---------- Given data

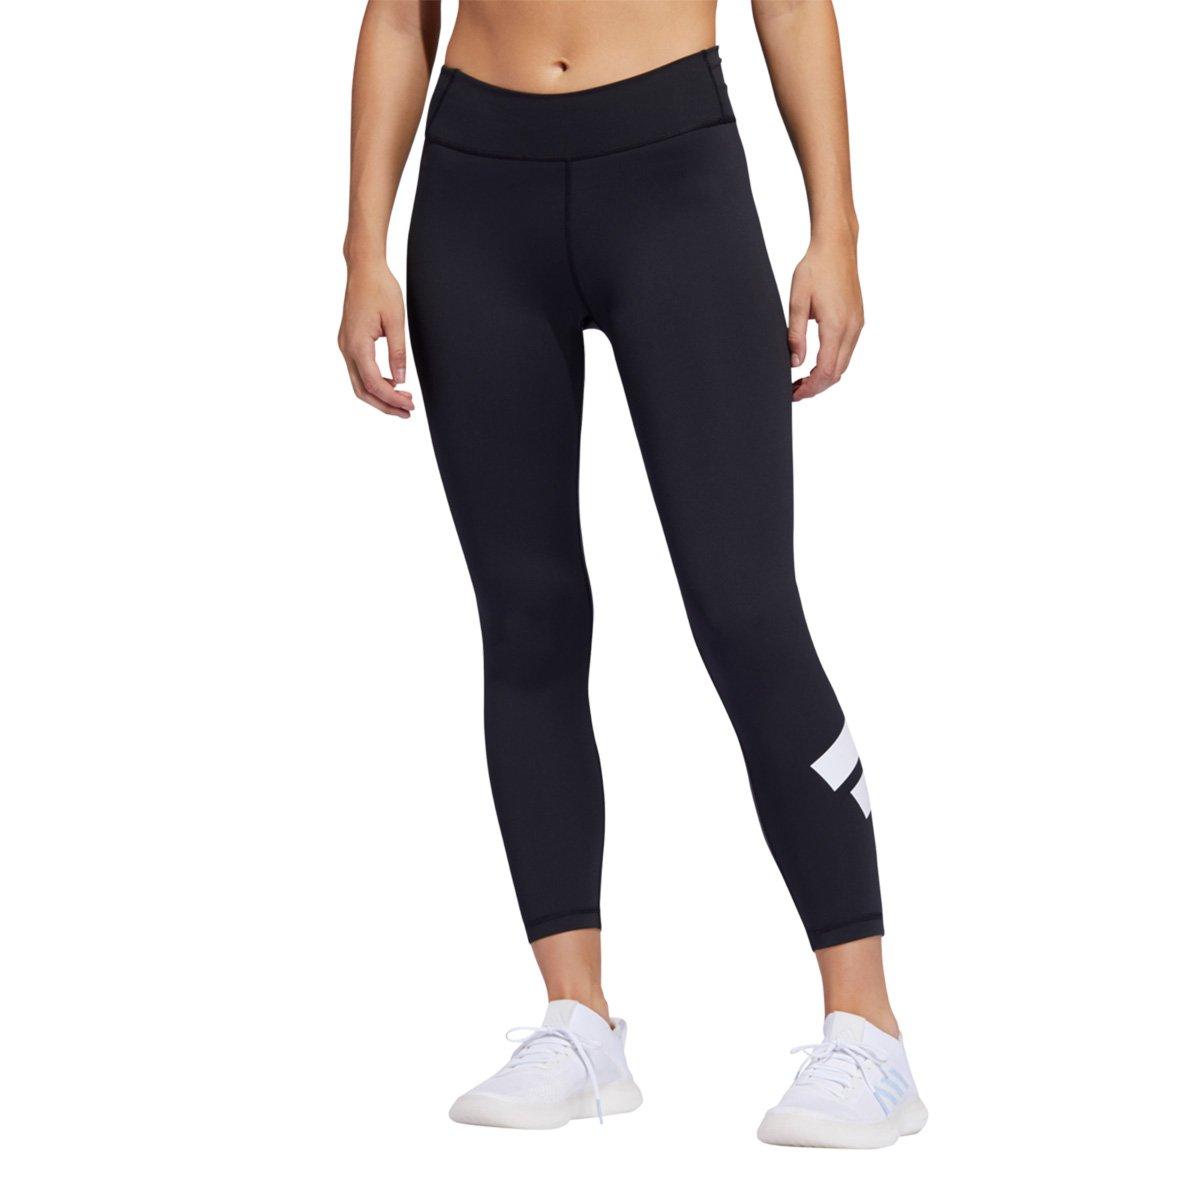 Calça Legging Adidas Cir Bos Feminina
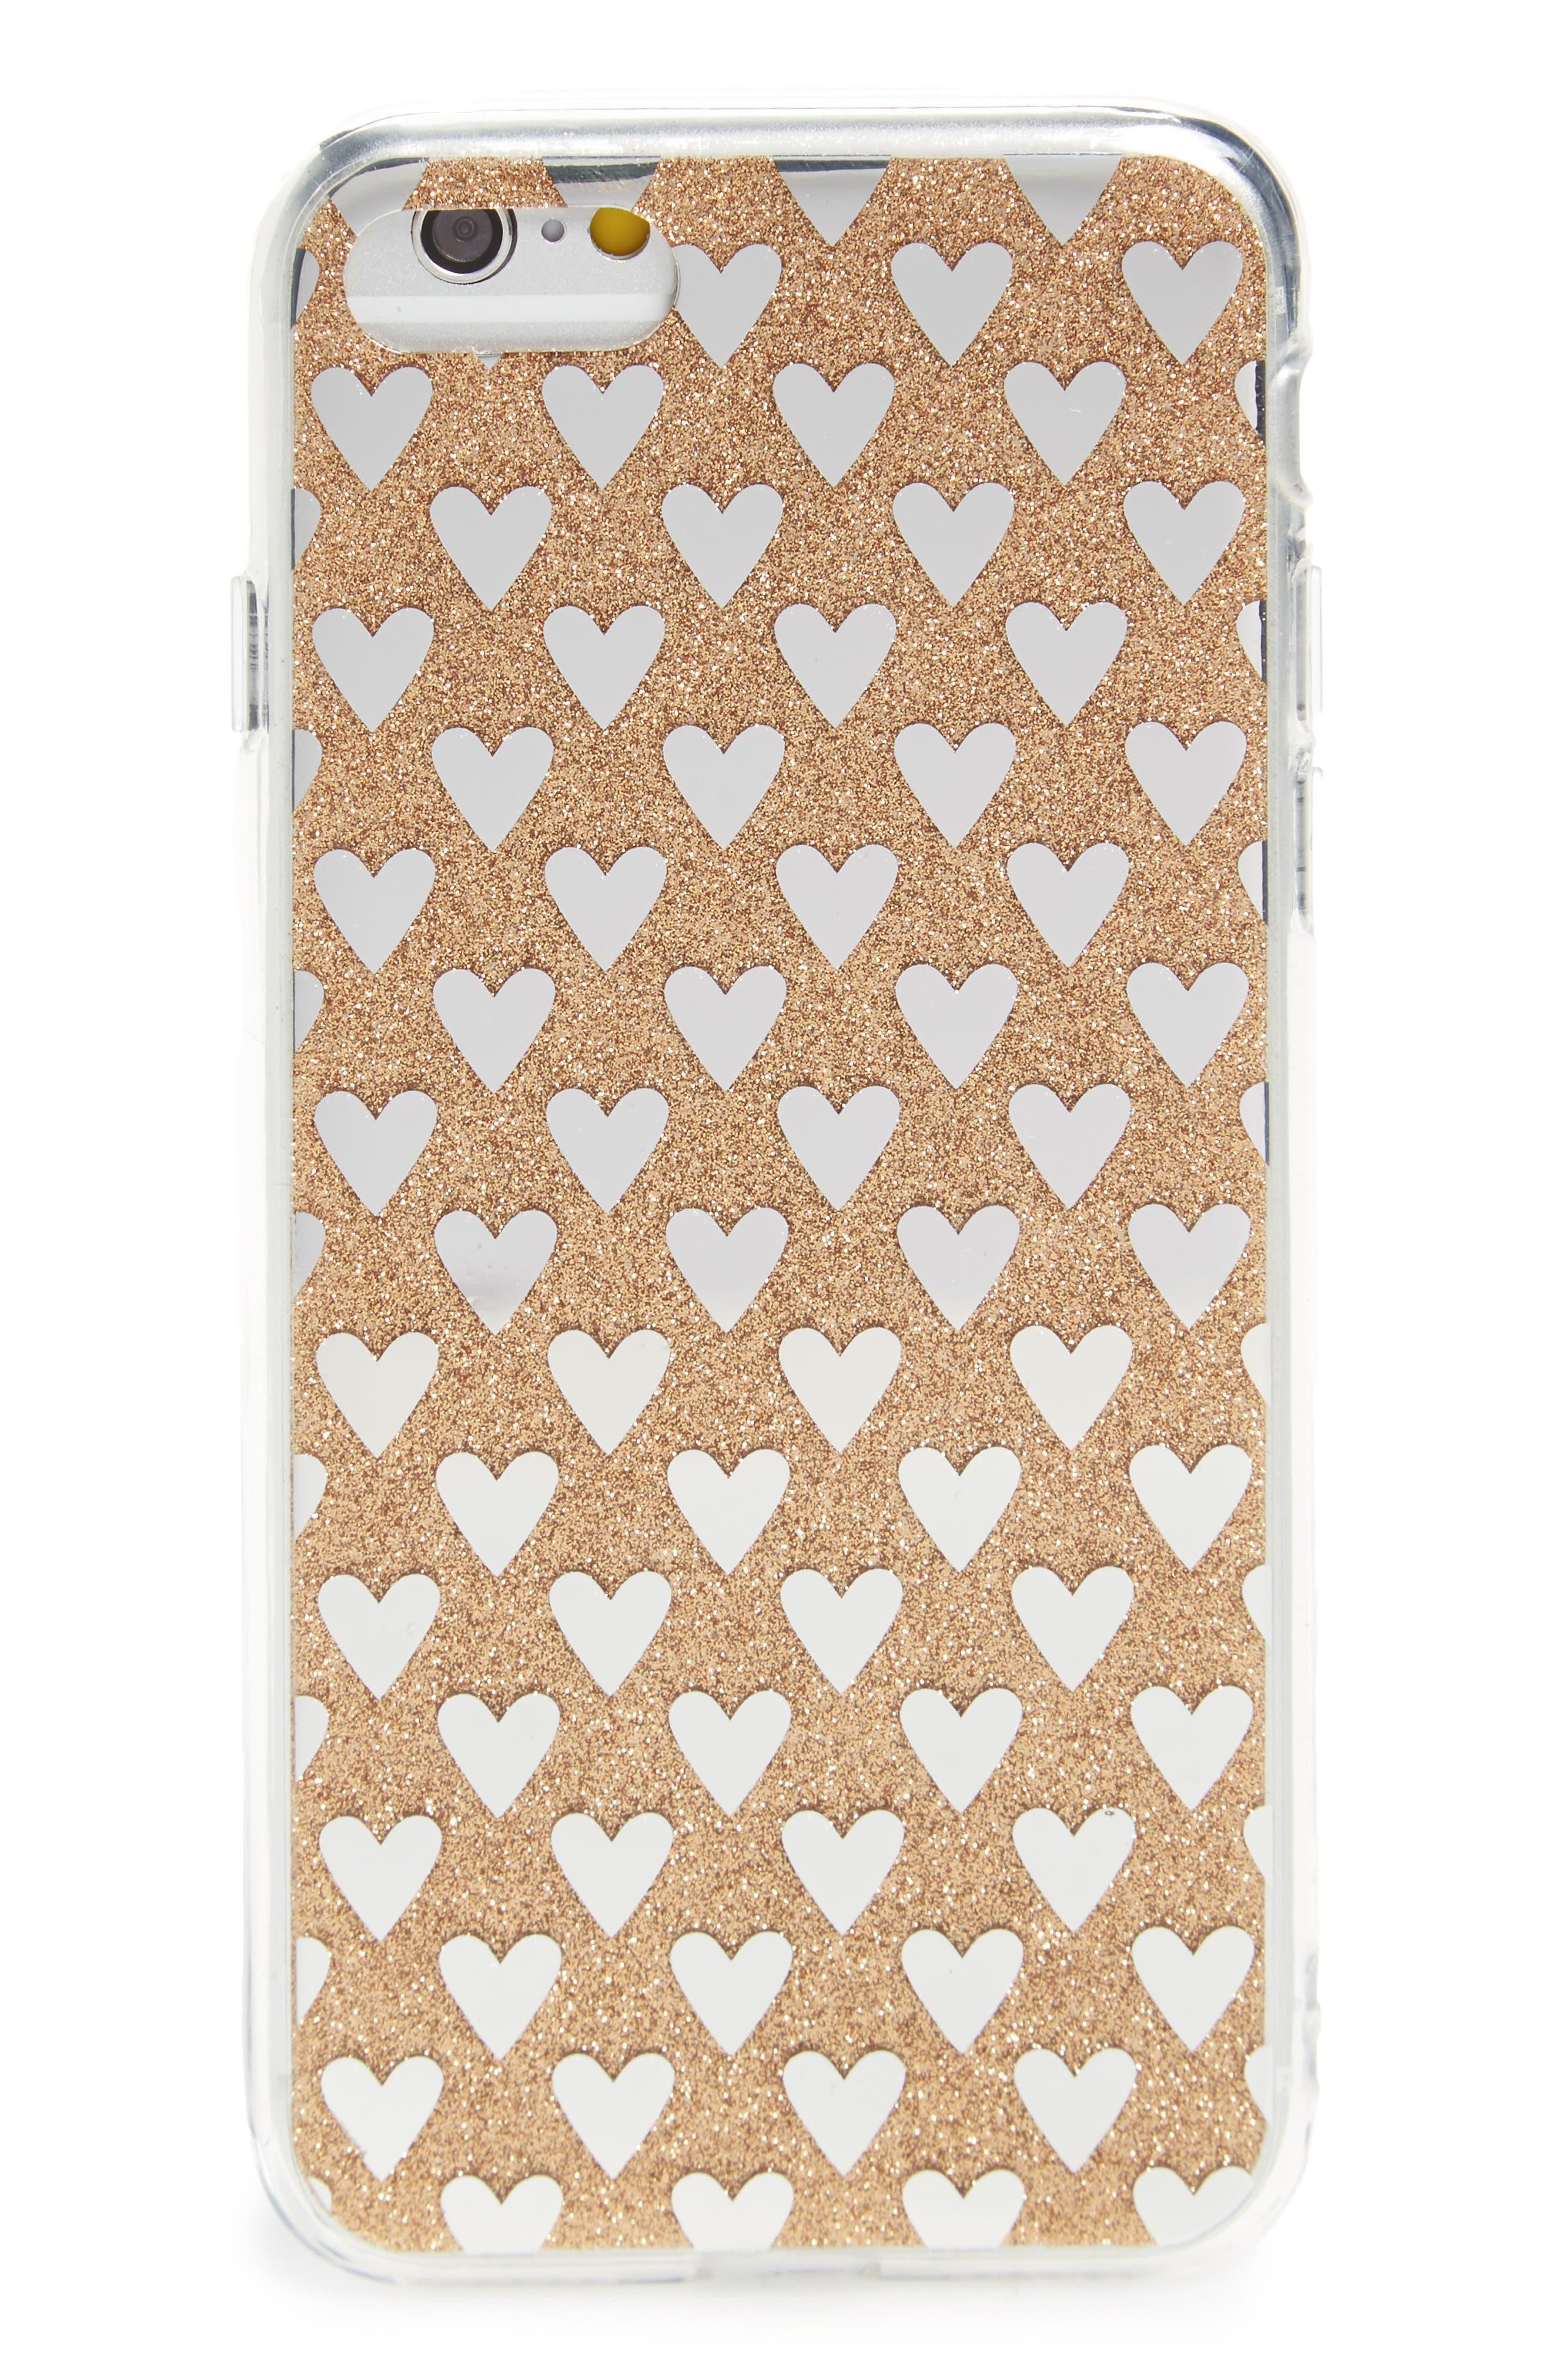 Main Image - OK originals Transparent Glitter Heart iPhone 6/6s/7 Case
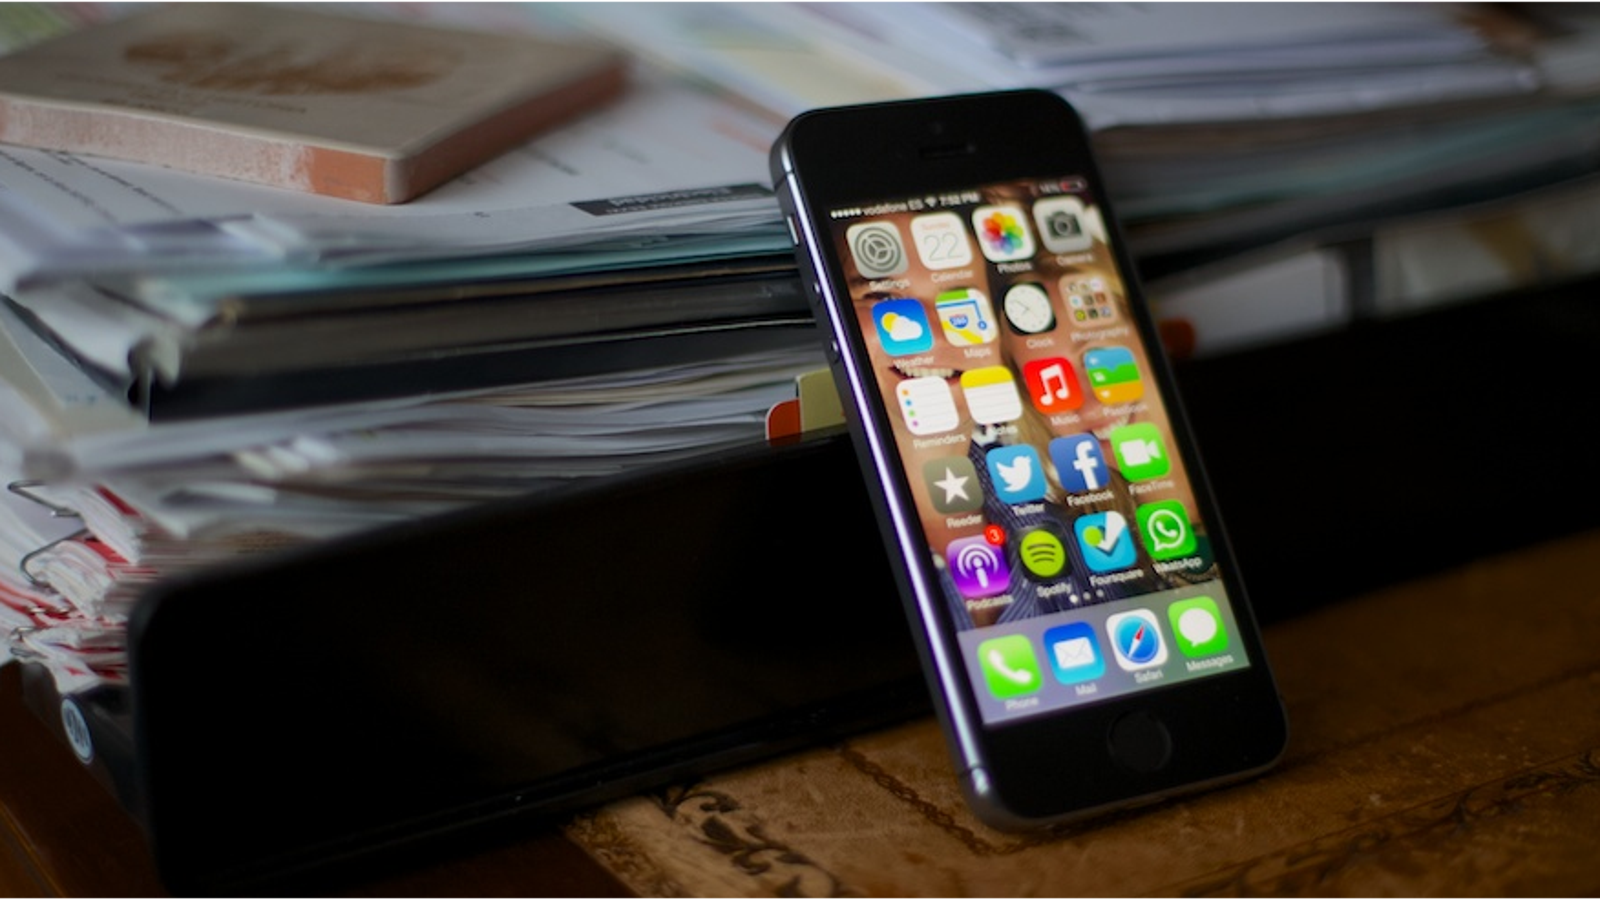 Un fallo en Siri permite llamar o enviar emails con pantalla bloqueada

--------------------

■ What you need to do:
Print exactly the lines from the line with "Main Image - OK" through the end of the data, both ends included, and print no pictures.

■ Output of the exercise:
 Main Image - OK originals Transparent Glitter Heart iPhone 6/6s/7 Case
 Un fallo en Siri permite llamar o enviar emails con pantalla bloqueada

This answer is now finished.